Just before the holiday, District Court Judge Jennifer Dorsey threw out parts of Musin’s lawsuit, writing that the ex-finance chief needed to demonstrate that MSTS was in fact an affiliate of a publicly traded company. MSTS is a team led by Honeywell with HII Nuclear and Jacobs Engineering Group. Of these, only Honeywell is a party to the lawsuit, so far.
In his lawsuit, Musin says he was fired from MSTS in 2019 after being demoted from his CFO role in 2018 because he would not cover up alleged financial impropriety by MSTS CEO Mark Martinez. Musin alleged Martinez wanted to collect compensation for himself and John Benner, an MSTS vice president, before either was eligible to do so, and that Martinez wanted to conceal some of MSTS’ financial results from the company’s board.

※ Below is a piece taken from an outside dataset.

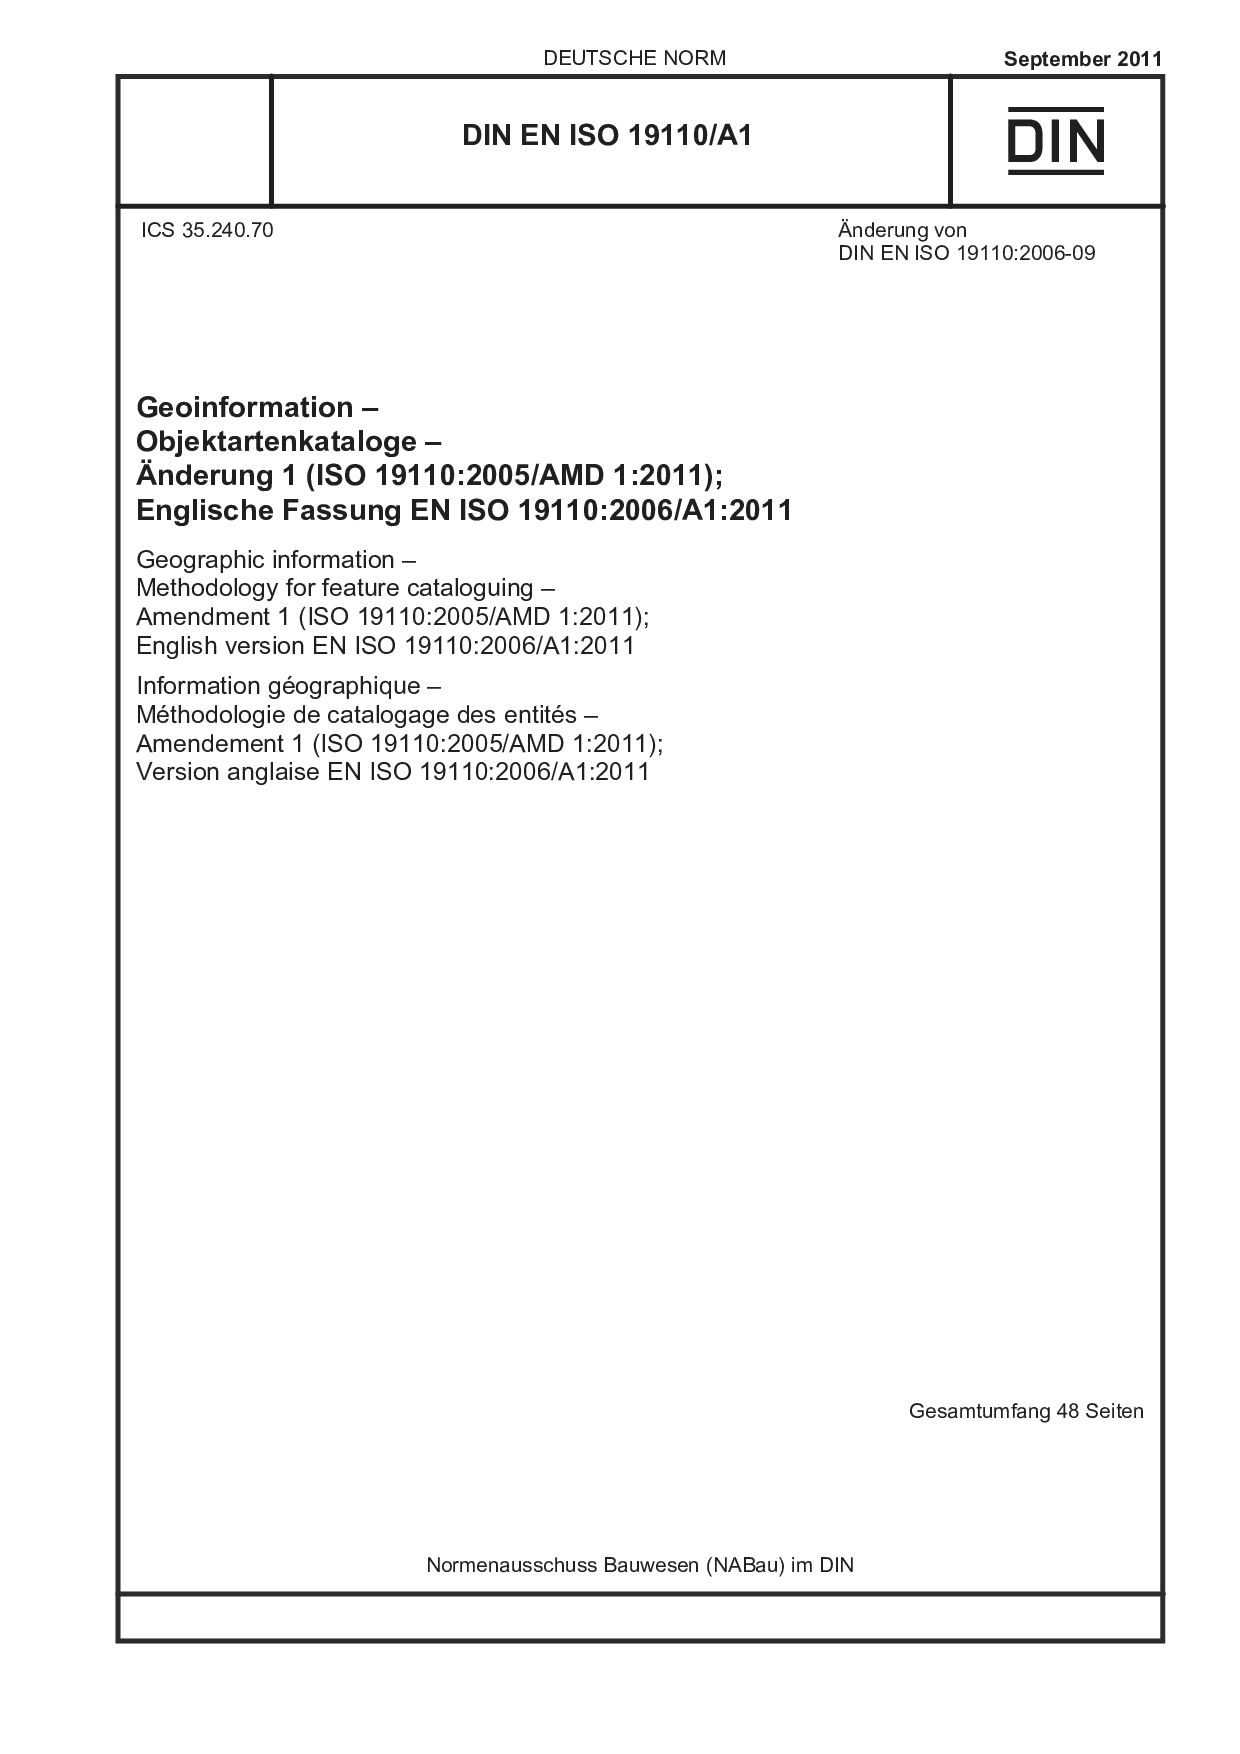 DIN EN ISO 19110/A1:2011封面图

To support his claim that MSTS is covered by Sarbanes Oxley, the landmark anti-corruption act Congress passed after the Enron accounting scandal of 2001, Musin cited MSTS’ corporate governance, pointing out that Honewell, Jacobs and HII executives all sit on the contractor’s board of directors, “creating an affiliated company relationship between MSTS and its Publicly Traded owner’s organizations.”
Musin also said, in his amended complaint, that MSTS’ contract with the National Nuclear Security Administration explicitly describes the parent companies as “corporate affiliates of MSTS,” and that MSTS revenue does indeed show up on the companies’ consolidated financial statements — one of the thresholds for determining whether Sarbanes Oxley protections apply.
According to Musin’s complaint, Honewell owns 40% of MSTS, while Jacobs and HII respectively own stakes of 37% and 23%. “Any ownership interest greater than 10% is considered to be an ‘affiliate,’” the complaint says, citing federal law.
MSTS and Martinez had not filed a response to the amended complaint at deadline Tuesday for Weapons Complex Morning Briefing. They had previously argued that MSTS was not subject to Sarbanes Oxley protections because, among other things, the privately held company is a contractor to the government, and not to a publicly traded company.